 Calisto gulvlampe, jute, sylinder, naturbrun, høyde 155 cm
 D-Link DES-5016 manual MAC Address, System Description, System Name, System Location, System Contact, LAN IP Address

--

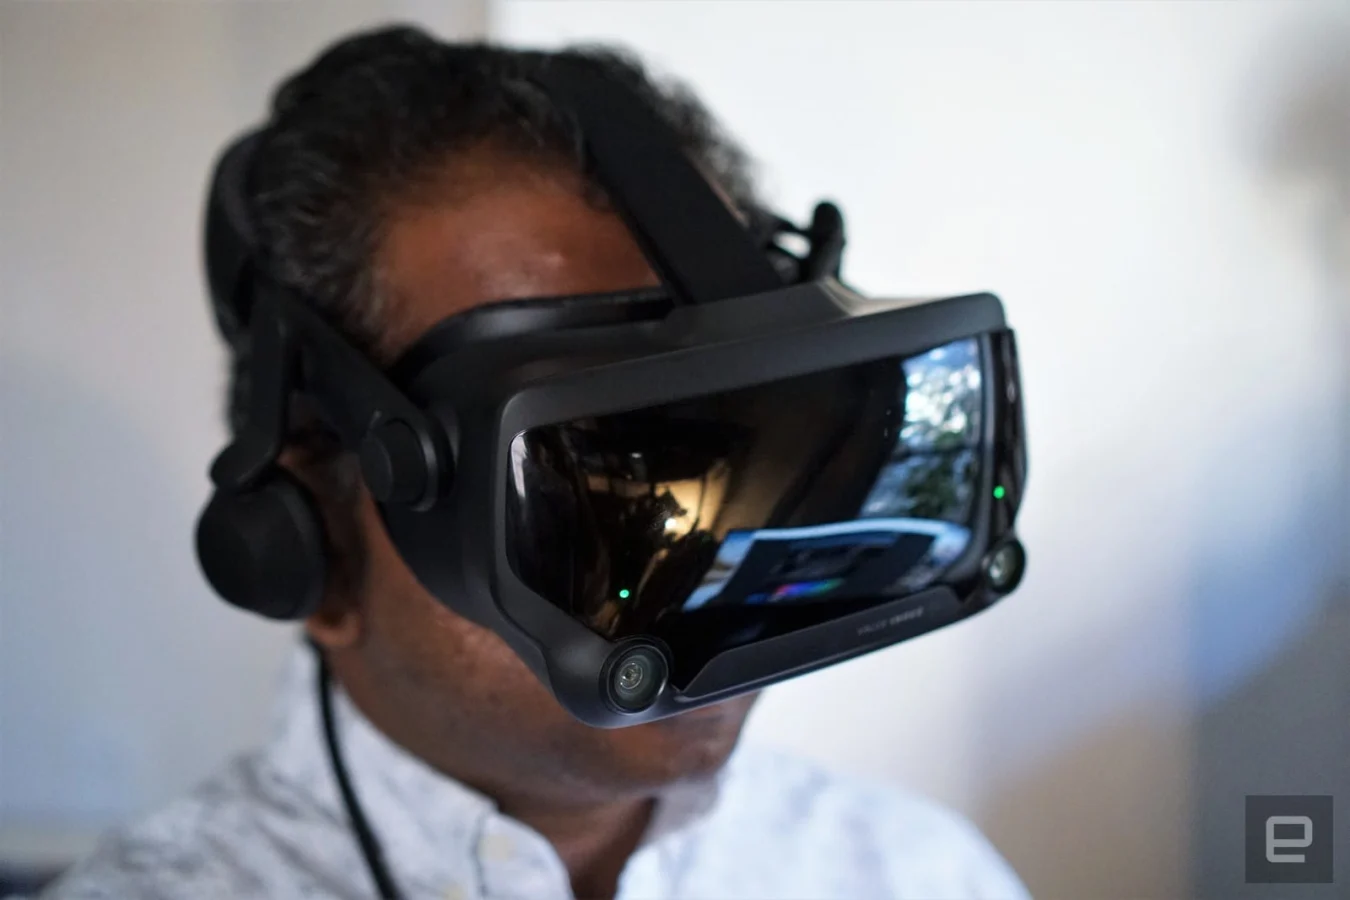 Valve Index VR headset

**What the exercise asks**
From the records above, give again exactly the lines running from the line with "Calisto gulvlampe, jute, sylinder, naturbrun, høyde" to the line with "D-Link DES-5016 manual", inclusive.

**The answer**
 Calisto gulvlampe, jute, sylinder, naturbrun, høyde 155 cm
 D-Link DES-5016 manual MAC Address, System Description, System Name, System Location, System Contact, LAN IP Address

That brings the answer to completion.